To be clear, the case against Michael Jackson really is extraordinarily strong. At least 10 people have publicly accused Jackson of sexually abusing them as children, in remarkably consistent and detailed stories. Only one accusation resulted in a criminal trial, in 2005, and Jackson was found not guilty. That, however, is par for the course when it comes to child sex abuse cases, even those in which the accused adult doesn’t have millions of dollars to spend in their defense. A 2019 study shows that fewer than one in five of all child sex abuse cases lead to prosecution. Of those, about half result in a conviction.
On the rare occasion that there is a trial, it is almost always a bad experience for the child at its center. There are persistent myths about how child sexual abuse — that children will always have physical injuries, that they will immediately tell an adult, that they can be manipulated into lying about accusations — that affect how their allegations are perceived. A 2017 study of defense tactics in child sex abuse cases found that “just as women are met with doubt when they report sexual assault, the justice system remains skeptical of children’s testimony.” Their mothers are often blamed for allowing the abuse to happen. In Jackson’s 2005 trial, his defense lawyer sarcastically referred to Jackson’s child accusers as “these little lambs,” suggesting that they were involved in “the biggest con of their careers” against Jackson.
At the same time, there’s a reason that a story about the American state attempting to take down a Black man at the top of his game resonates so deeply. It’s based on the real problem of how our criminal justice system treats Black people: unjustly.
According to the ACLU, Black people in the United States are incarcerated in state prisons at nearly five times the rate of white Americans, while one in 81 Black adults in the US is serving time in state prison. There is also a long, long history in this country of Black men being falsely accused of sex crimes. That was the stated reason for the unjust imprisonment of the Scottsboro Boys and the Central Park Five, the racist murder of Emmett Till, and thousands of monstrous lynchings. You can understand why someone would look at this history and cry foul.

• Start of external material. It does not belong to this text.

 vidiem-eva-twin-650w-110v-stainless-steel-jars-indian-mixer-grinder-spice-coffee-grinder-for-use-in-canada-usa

But boys and children of color — the alleged victim in the Jackson case that made it to trial in 2005 is Latino — face unique barriers when they are sexually assaulted. “As Black and racially minoritised children are located at the intersection of multiple, overlapping structural inequalities, their specific experiences of victimisation are still largely overlooked in the criminological literature,” writes Aisha K. Gill, a professor of criminology and co-editor of the book Child Sexual Abuse in Black and Minoritised Communities. Both racism and culture affect whether they are believed and the support they receive.

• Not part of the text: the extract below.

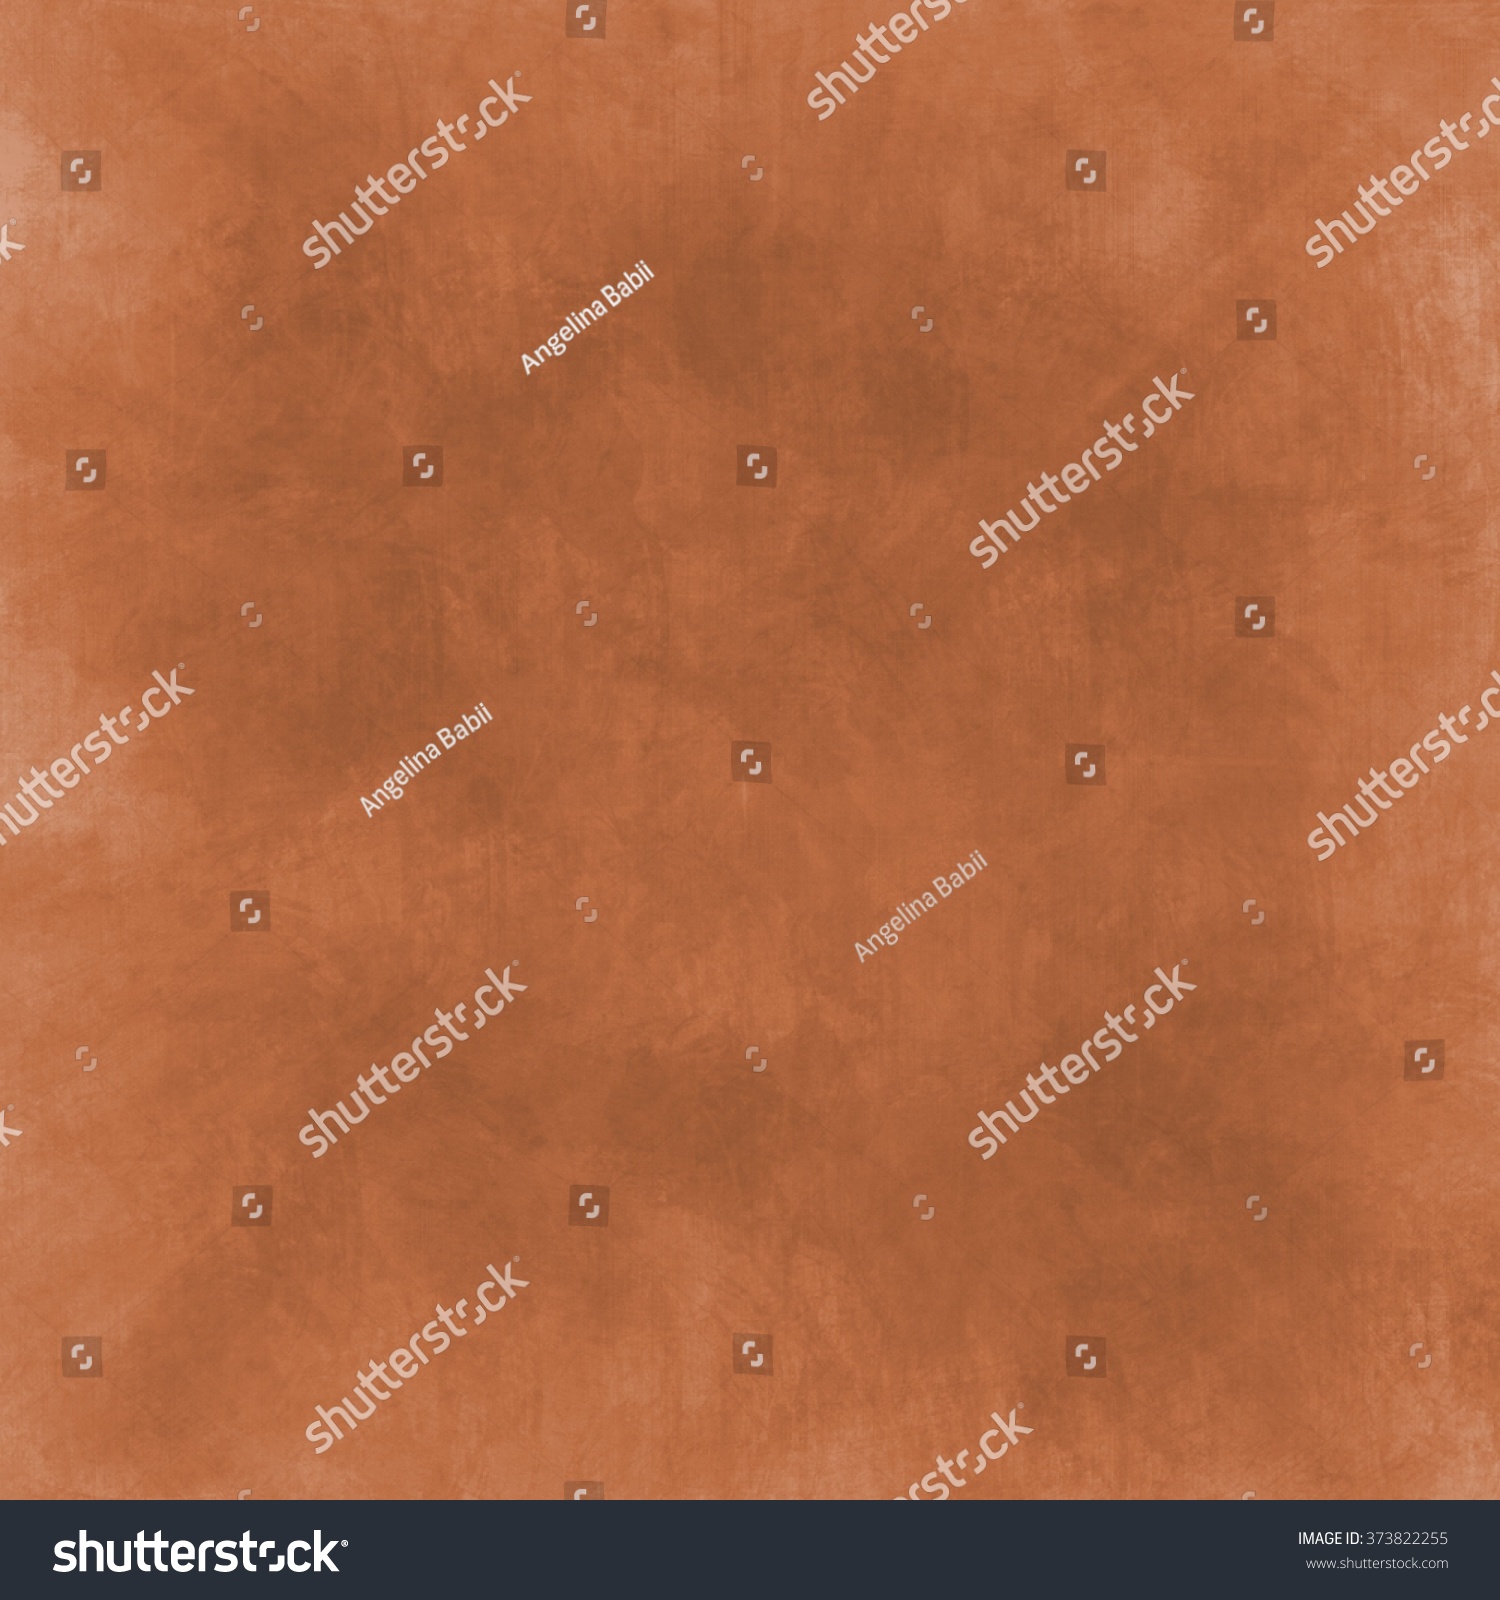 Brown paper texture, Light background #373822255

All of these numbers and statistics and sad moments in American history represent groups of people whom the justice system bludgeons with the law as though it were a weapon, who are routinely humiliated and rarely protected. To put them in opposition to each other is a dark and uncomfortable thing. It is far, far easier to watch a glorified concert film of Jackson’s greatest hits and bask in the glee of it. But an honest reckoning with Jackson’s legacy would require facing the strength of the evidence against him, darkness and all, and not looking away from it.